Les bonnes intentions pavent l’enfer aussi sûrement que l’énonce la loi de l’emmerdement maximal, ou loi de Murphy, l’énonce : « tout ce qui peut mal tourner va mal tourner ».

Les conséquences pratiques les plus certaines d’une politique de l’éducation, ce sont ses effets pervers. Il n’y a là aucun pessimisme suspect, il s’agit d’un fait simple et aisé à expliquer : beaucoup d’écoles, des maîtres en pagaille et des enfants innombrables, la probabilité pour que quelqu’un trouve comment détourner une mesure censée est à peu près égale à un, de même que la probabilité qu’il soit aussitôt imité par ses frères, collègues ou voisins.

Ouvrez une cantine pour soulager les enfants des journées trop longues et les familles de quelques charges, vous n’êtes pas du tout sûr que les scolarités se porteront mieux, c’est au plus un espoir ; vous êtes en revanche certain que les écoles voisines sans cantines vont se vider et que l’école dotée sera pleine comme un œuf et au-delà, vous pouvez parier que la fréquentation des classes se calquera de suite sur l’ouverture toujours un peu aléatoire des jours de cantines, que des caisses noires aux finalités les plus échevelées vont se multiplier sans contrôle autour des vivres, du transport, du salaire de la cantinière et du bois de cuisine.

Haranguez les directeurs des écoles sur la parité de genre, cela portera comme seul fruit certain que l’un d’entre eux renverra des garçons pour des motifs étranges, à seule fin d’obéir à l’injonction : cela s’est vu, cela s’entend souvent si l’on veut bien prêter l’oreille aux bruits des cours de récréation.

Payez et distribuez des tables-bancs, et vous verrez un ou plusieurs directeurs les laisser dans la cour pendant deux hivernages, parce qu’il n’a pas reçu de note de service lui demandant de les rentrer - dans la crainte qu’il est de s’approprier ce qui n’est peut-être pas à lui et surtout d’en être suspecté à tort. Et combien de livres restés sous plastique et sous clef, tant la ressource est précieuse et le soupçon rapide.

La mode nouvelle des mesures de transferts, dites de « soutien à la demande » est riche aussi de développements aussi certains que néfastes : mécanismes racketogènes dans leur nature, l’identification des bénéficiaires et le portage des subsides alimenteront d’abord des commerces innovants, bien avant que l’on puisse tenter d’estimer si la mesure a eu du bon.
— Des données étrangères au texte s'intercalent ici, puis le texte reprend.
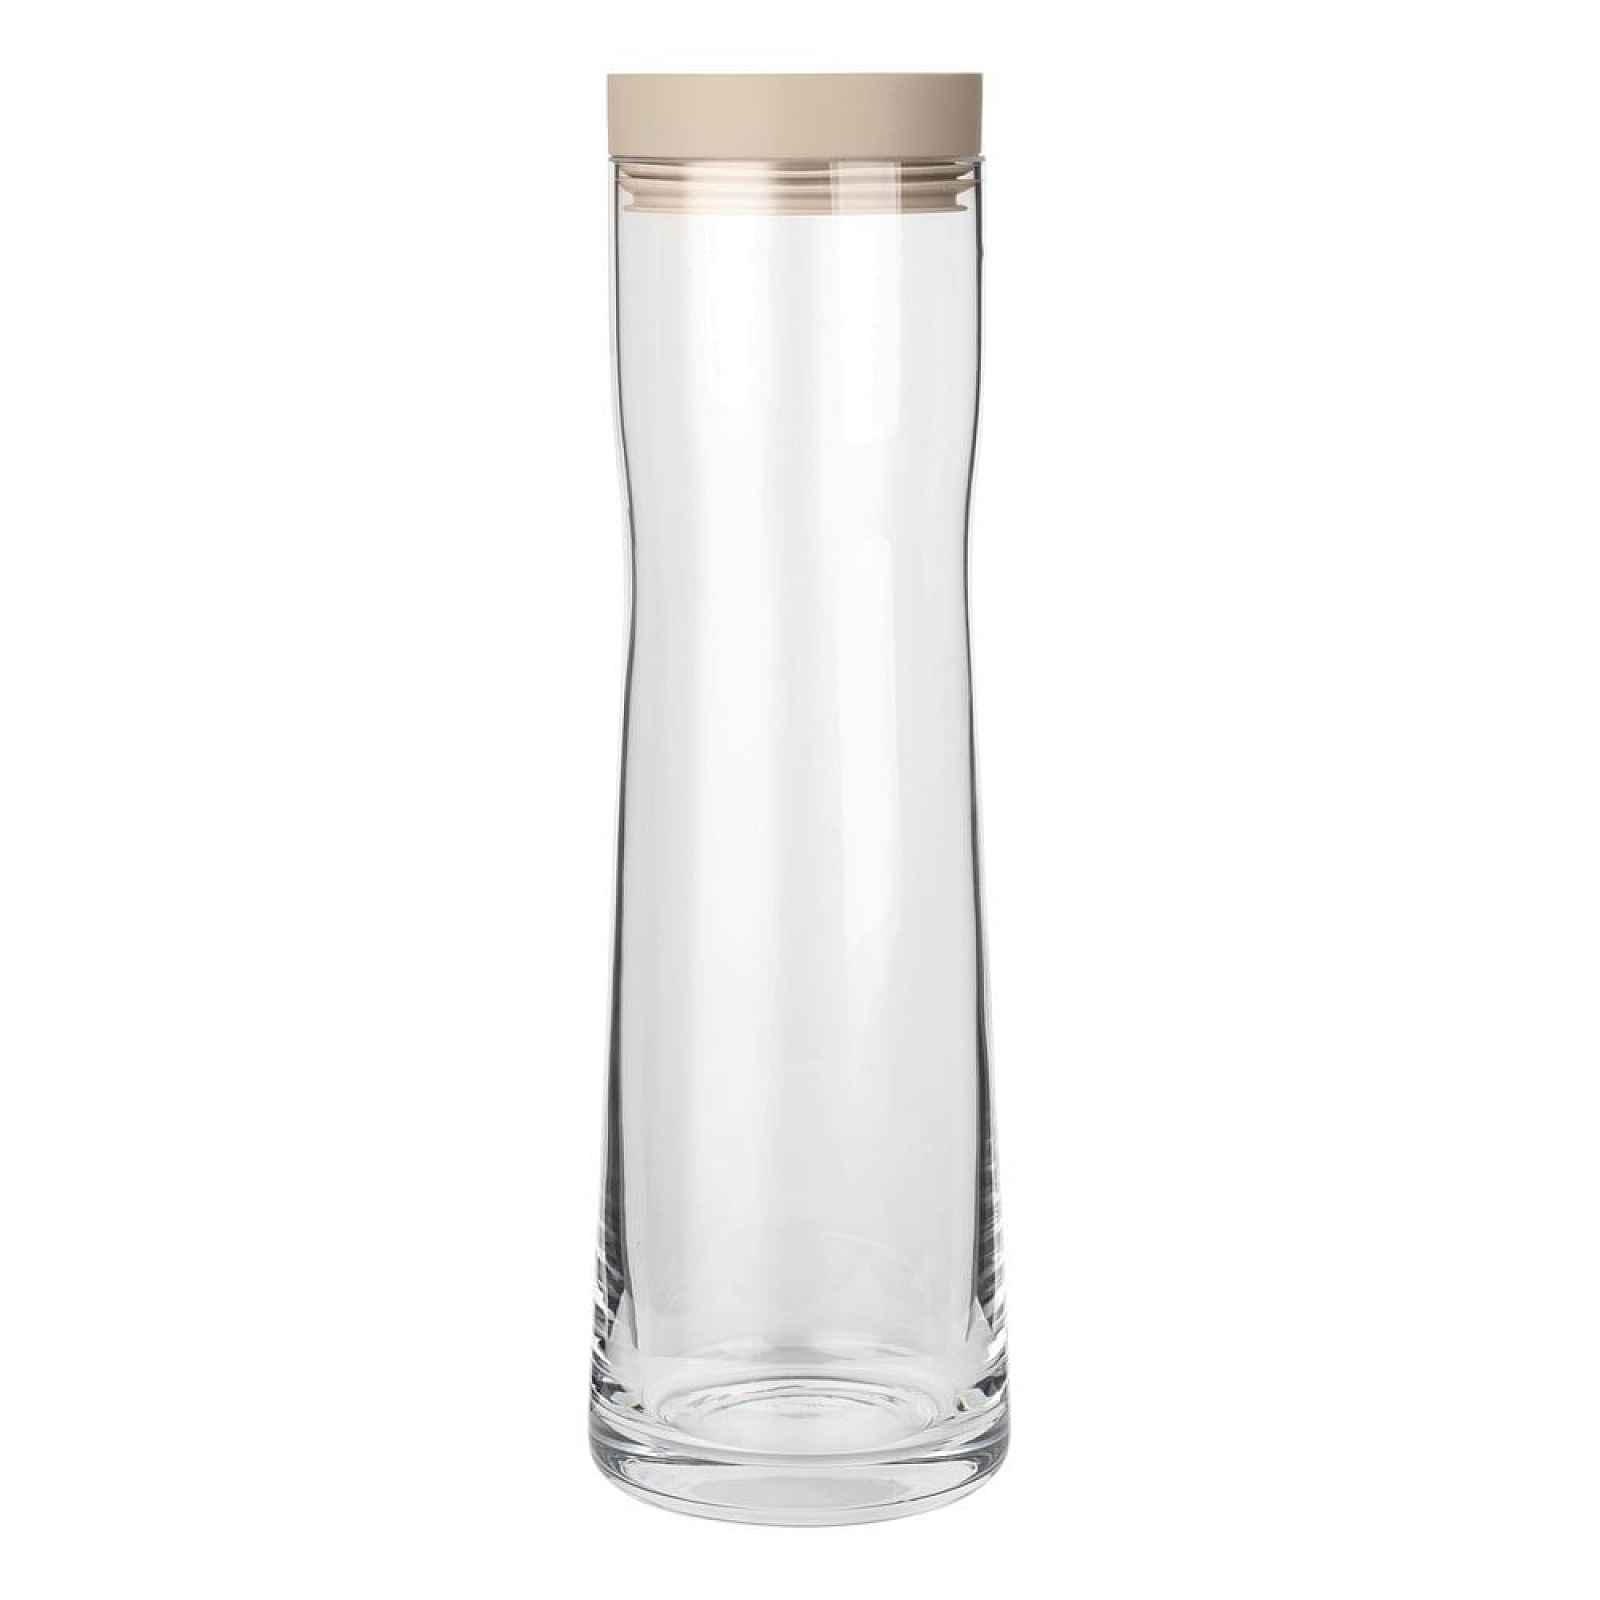 Skleněná karafa na vodu s béžovým silikonovým víčkem Blomus Aqua,1l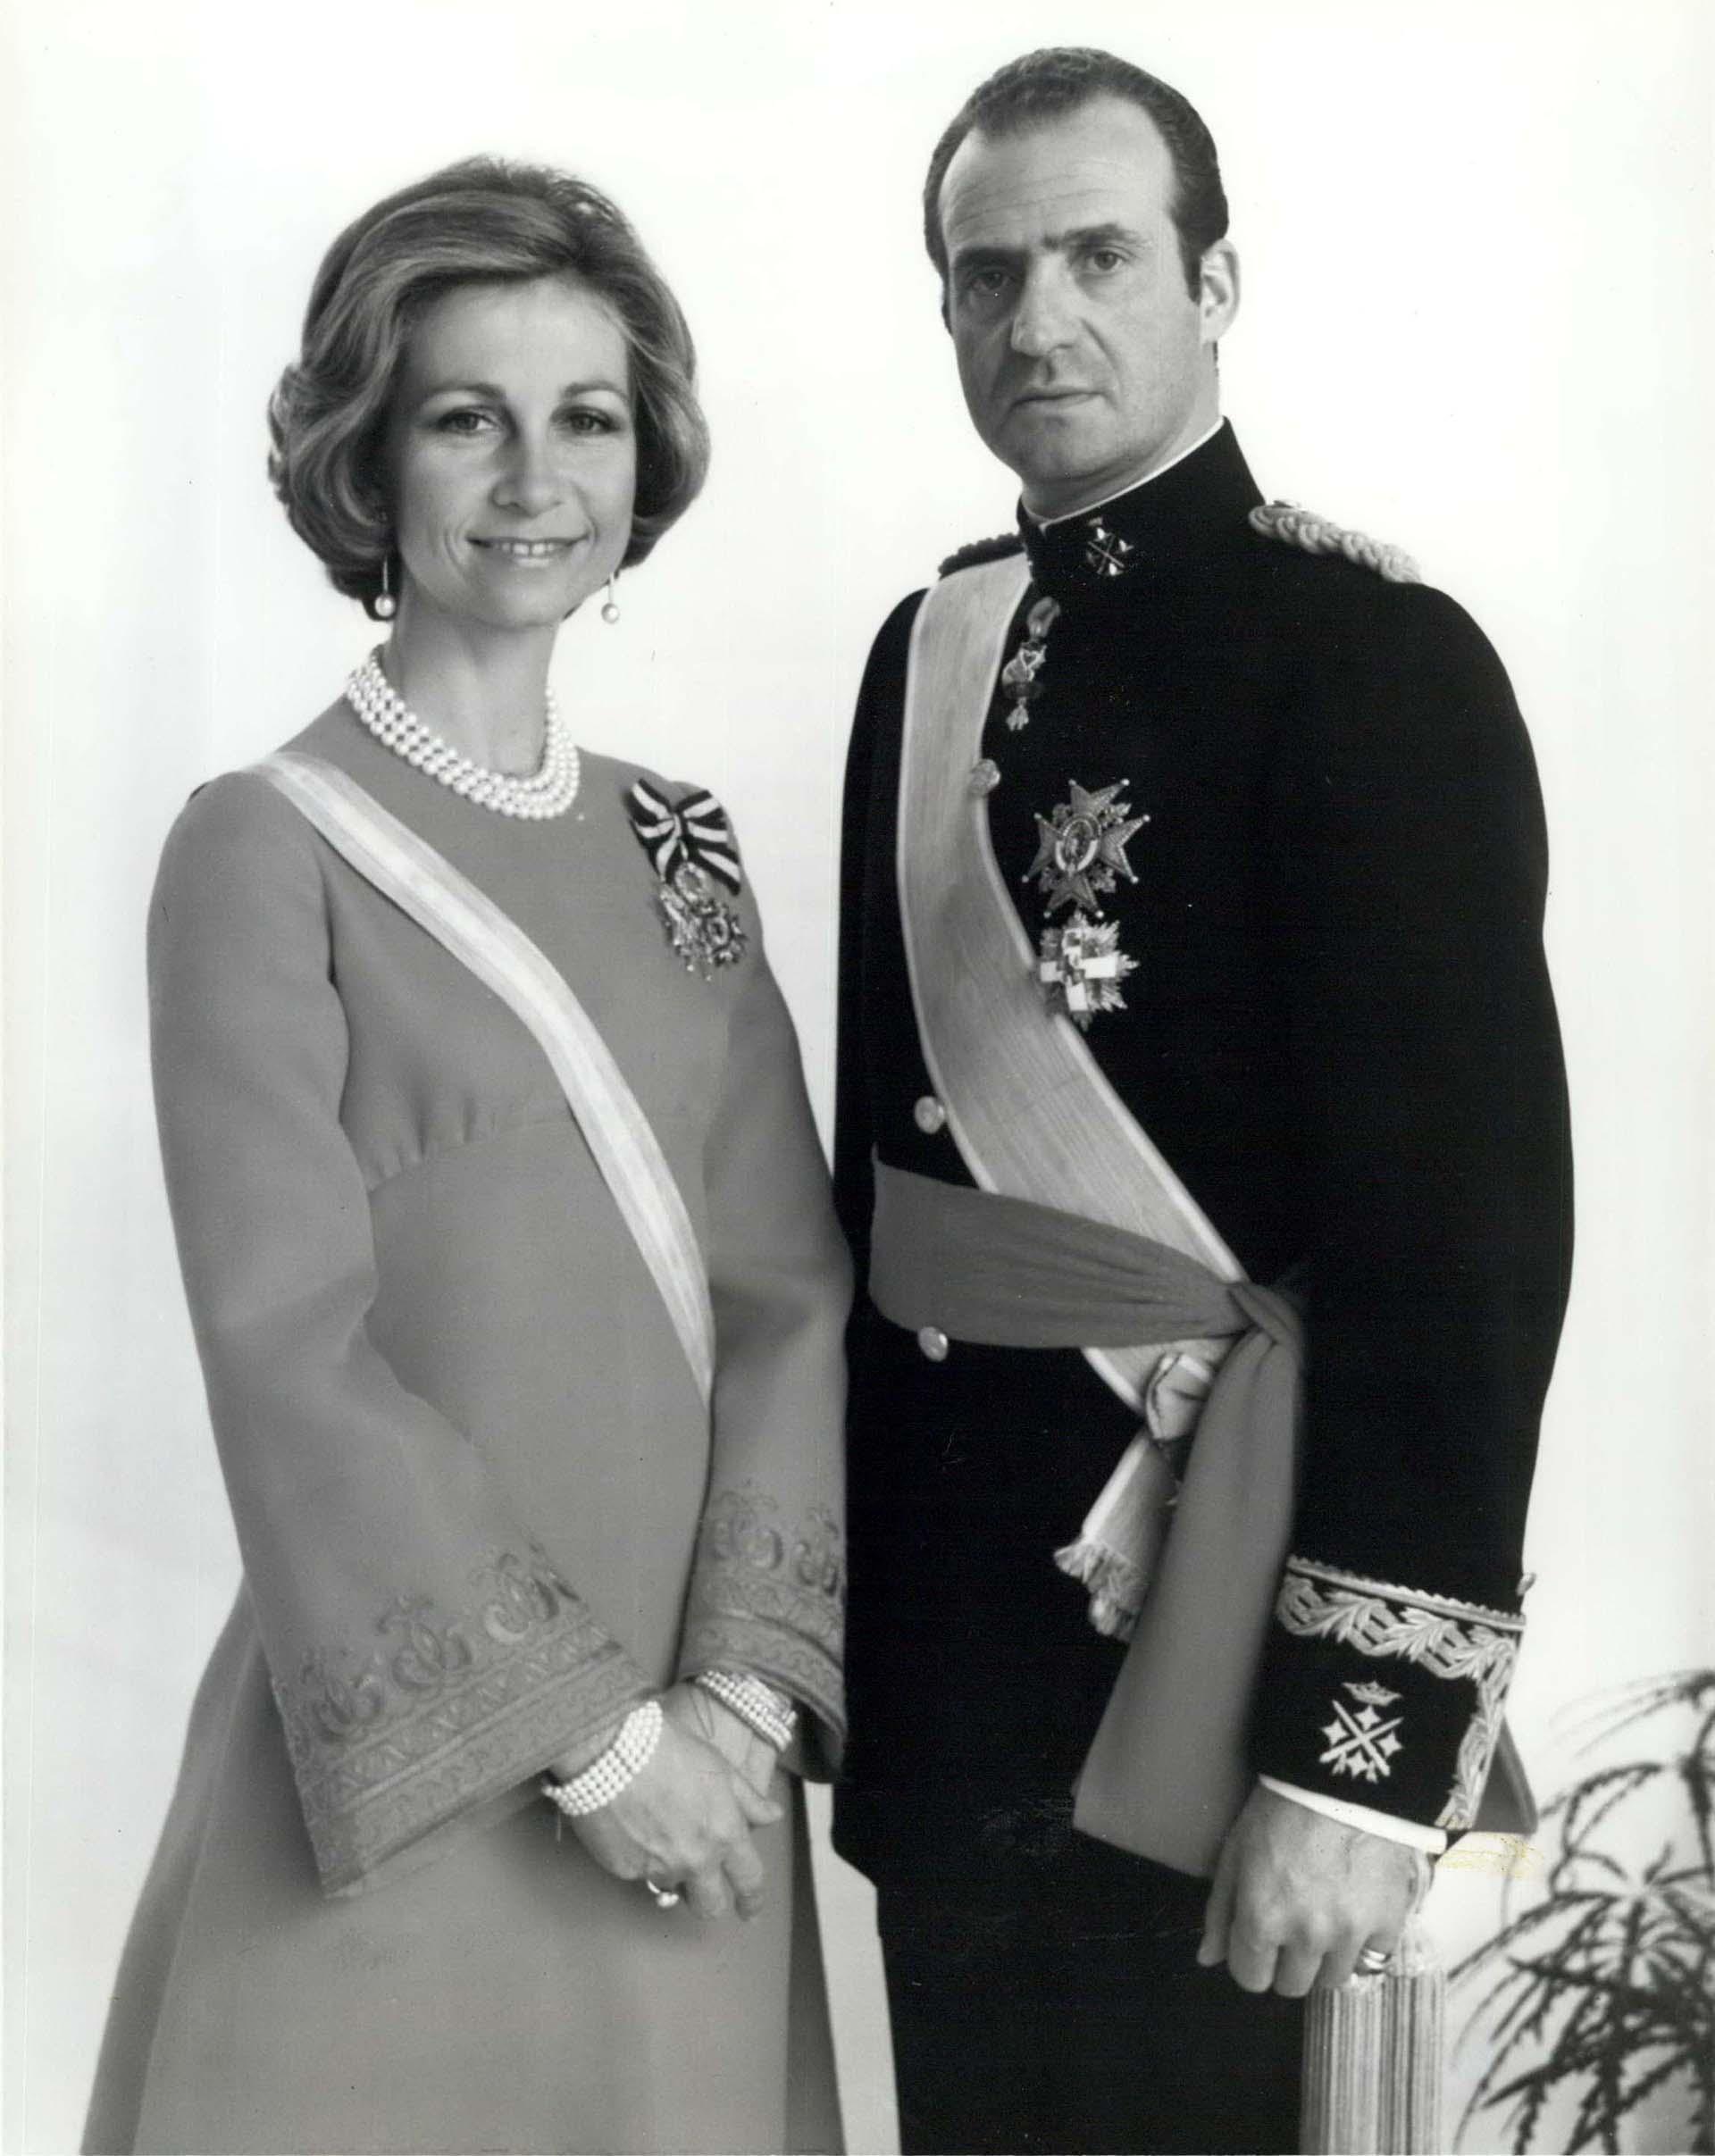 La reina Sofía y el rey Juan Carlos I de España en un retrato oficial luego de asumir su trono (Shutterstock)

Il faut prendre très au sérieux la loi de Murphy quand on parle d’écoles, parce qu’on est à la fois dans les grands nombres, dans l’éparpillement du service aux mille endroits les plus exotiques d’un pays et dans de multiples handicaps qui freinent aussi bien les logistiques que le contrôle. Posons qu’en éducation, les effets les moins désirables de toute politique sont certains, quand ses effets les plus souhaités ne le sont pas. 

Dans bien d’autres domaines, les ingénieurs prennent au sérieux la loi de Murphy. Ils anticipent le pire, ou pire, les enchaînements les plus improbables des pires, en posant comme certitude qu’il adviendra un jour – c’est ainsi, et seulement ainsi, qu’ils ont construit des avions qui ne tombent presque jamais du ciel.

Les décideurs des politiques scolaires ne construisent pas des avions, ils pourraient cependant aller voir comment l’on fait et retenir trois détrompeurs élémentaires.

Le premier, c’est de chercher ex ante tous les effets pervers possibles. Si l’on n’a pas l’imagination assez fertile, il suffit pour cela d’interroger quelques praticiens de l’école, des maîtres, des enfants, des parents. Le second détrompeur, c’est de multiplier les capteurs locaux d’effets pervers ou imprévus, des capteurs qui n’ont pas d’intérêt en commun avec l’administration scolaire. Le troisième, c’est d’intégrer dans les calculs anticipés dont on assortit le choix des politiques une estimation des coûts ou des conséquences des effets pervers. Il le faut bien, puisque ces derniers sont les seuls certains. A n’en pas douter, les choix ne seraient pas les mêmes, avec ou sans cette variable de calcul.